- [DATA BELOW]

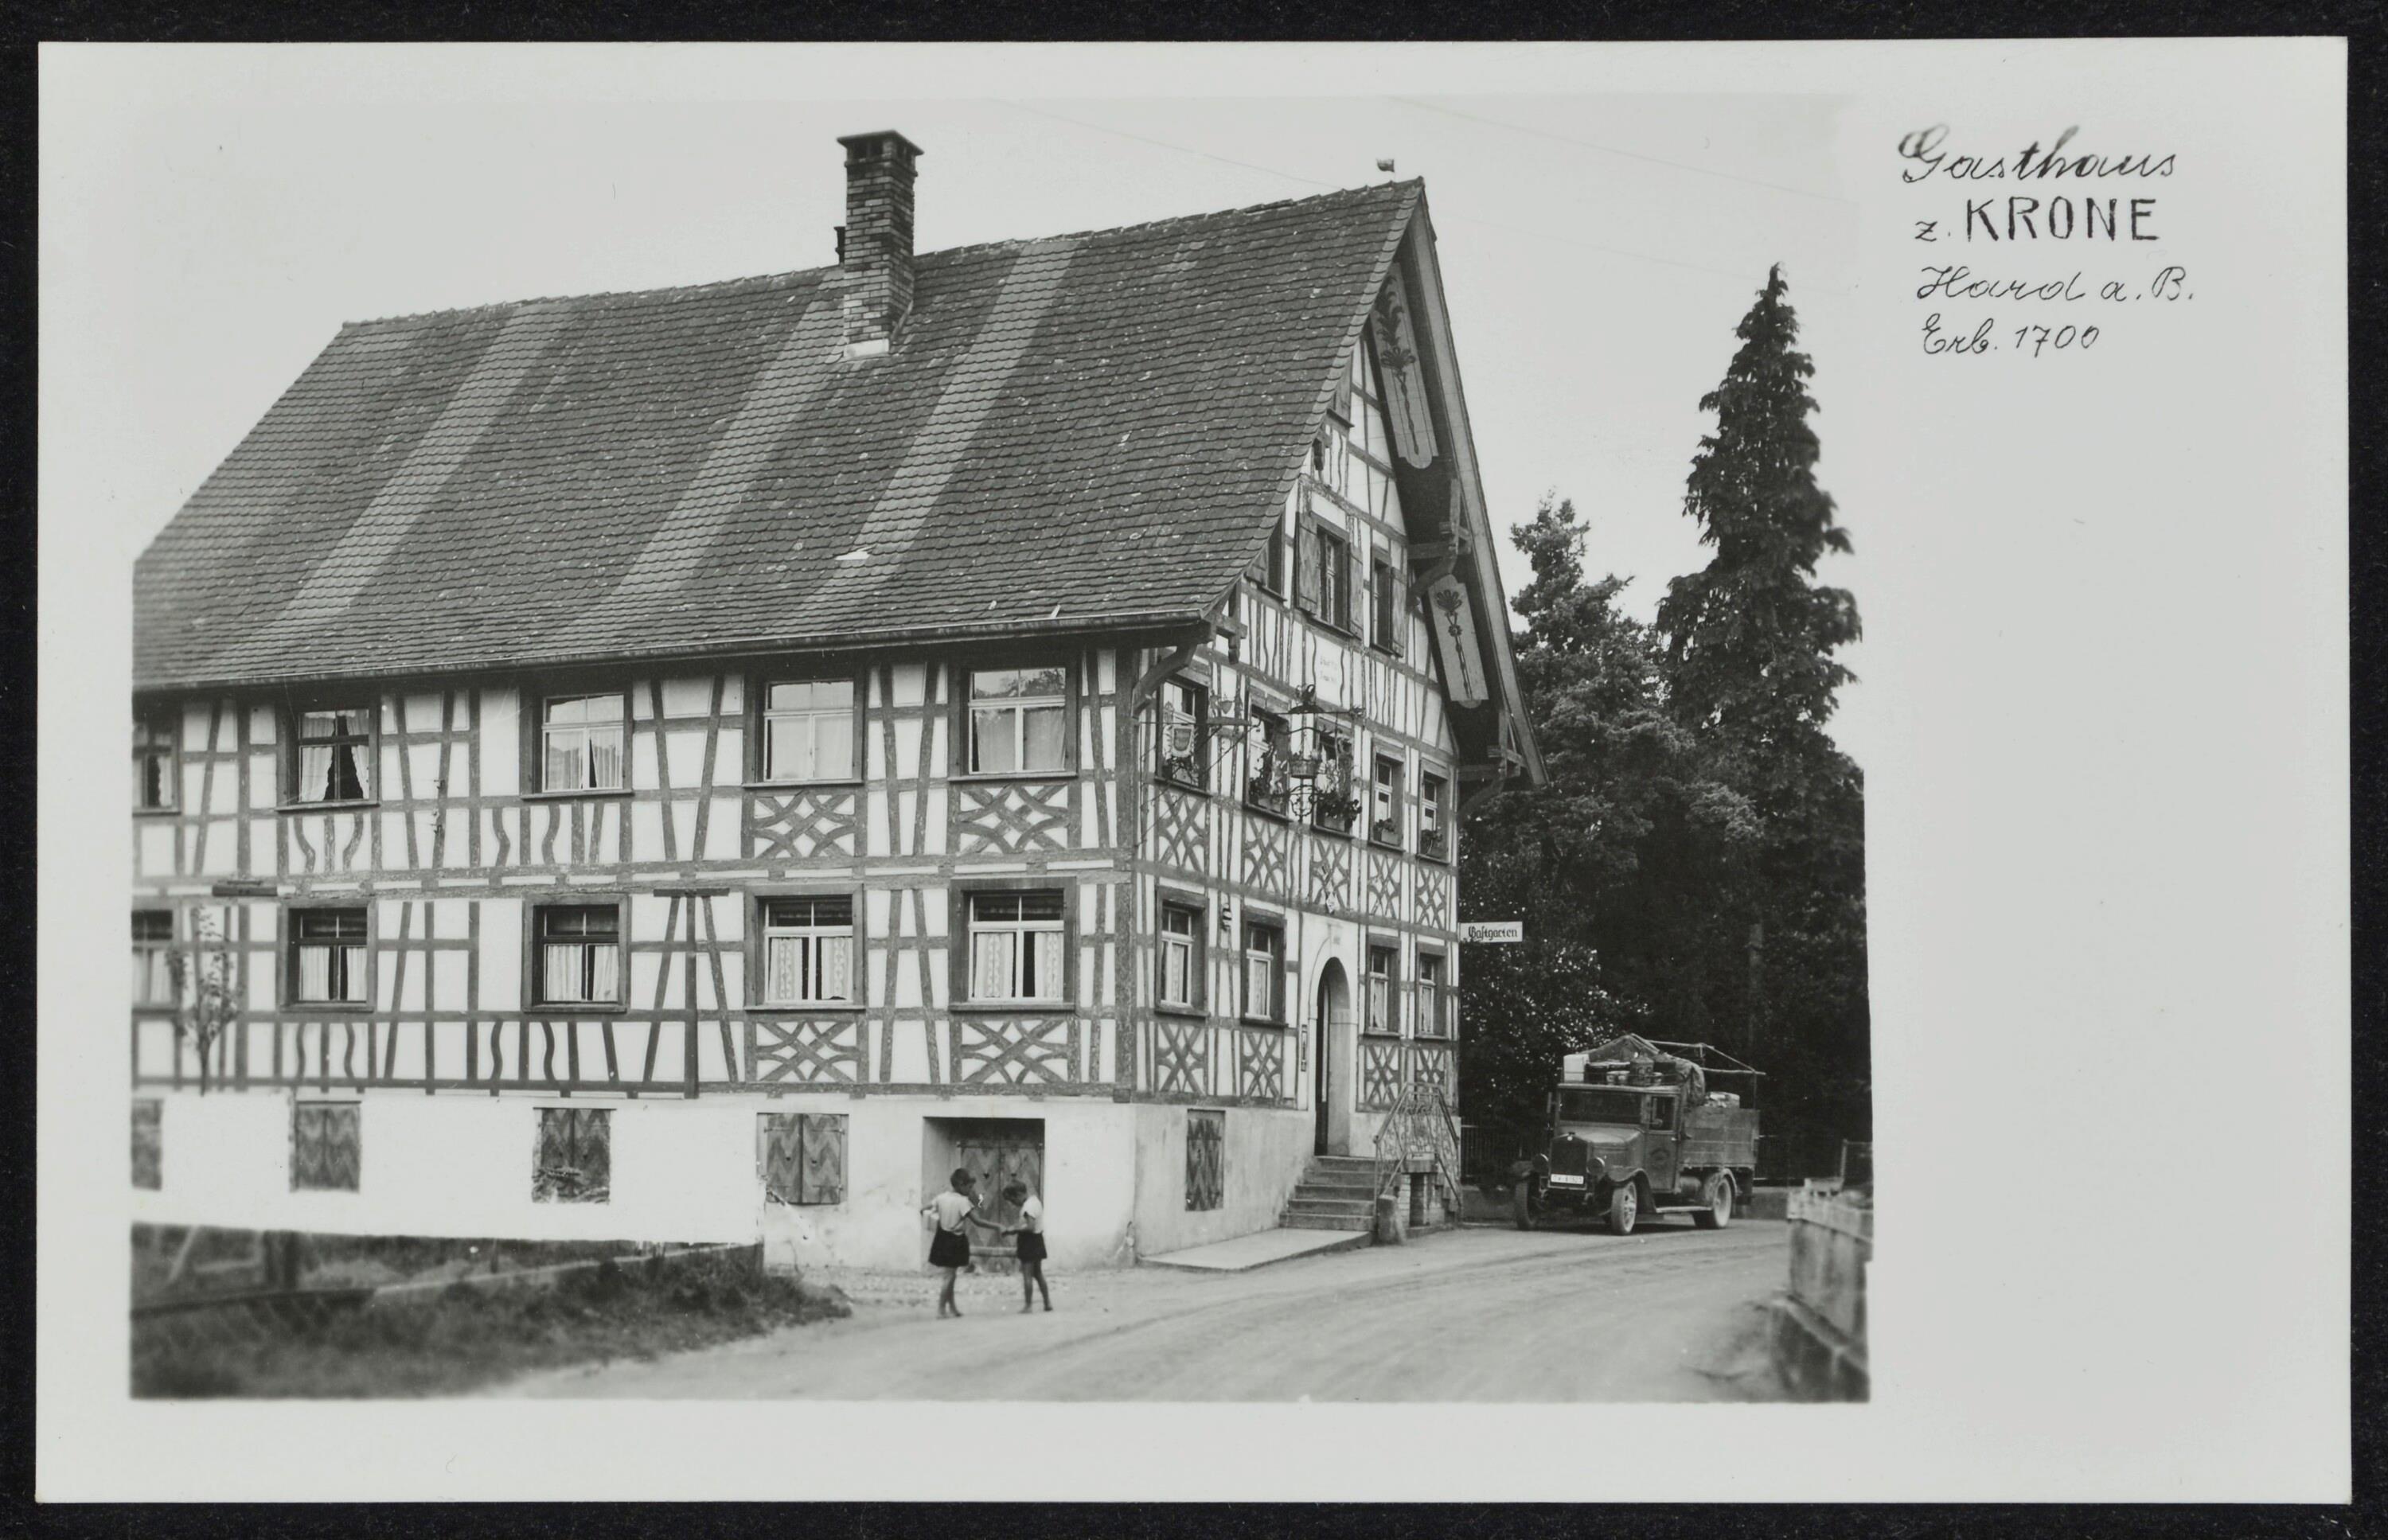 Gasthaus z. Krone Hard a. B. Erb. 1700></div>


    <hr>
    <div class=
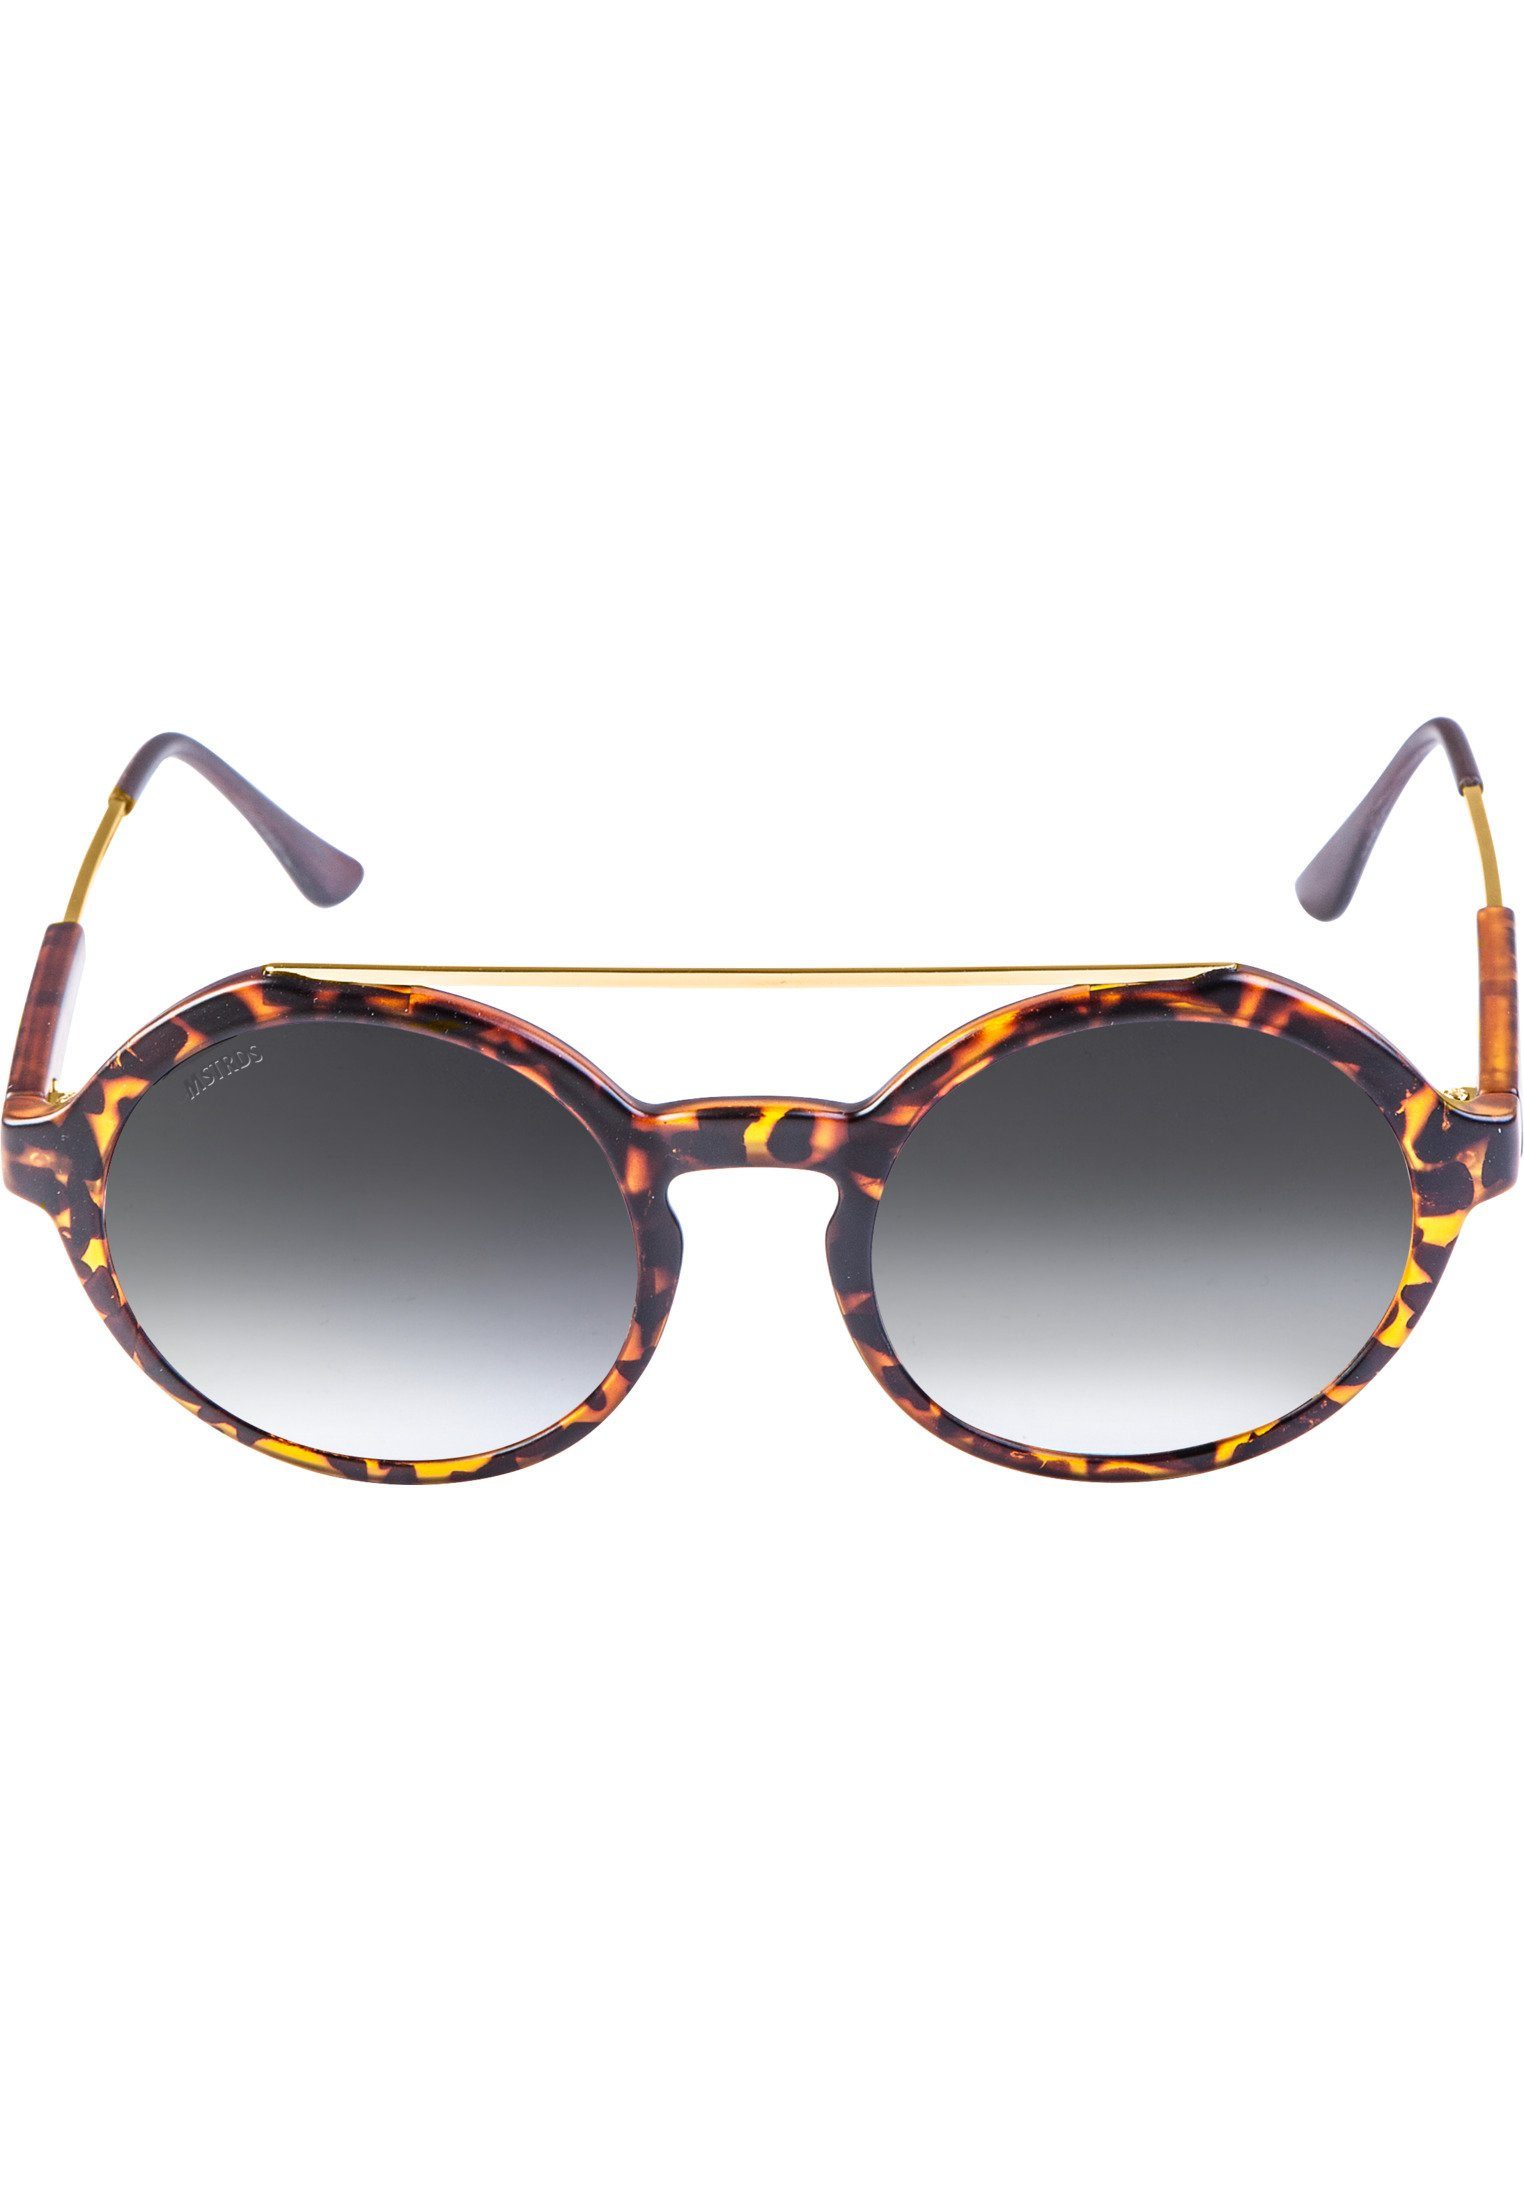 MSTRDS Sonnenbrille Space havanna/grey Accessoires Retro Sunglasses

- [EXERCISE BRIEF] Print the listing exactly, but skip its pictures.

- [ANSWER TO THE EXERCISE]
 Gasthaus z. Krone Hard a. B. Erb. 1700></div>


    <hr>
    <div class=
 MSTRDS Sonnenbrille Space havanna/grey Accessoires Retro Sunglasses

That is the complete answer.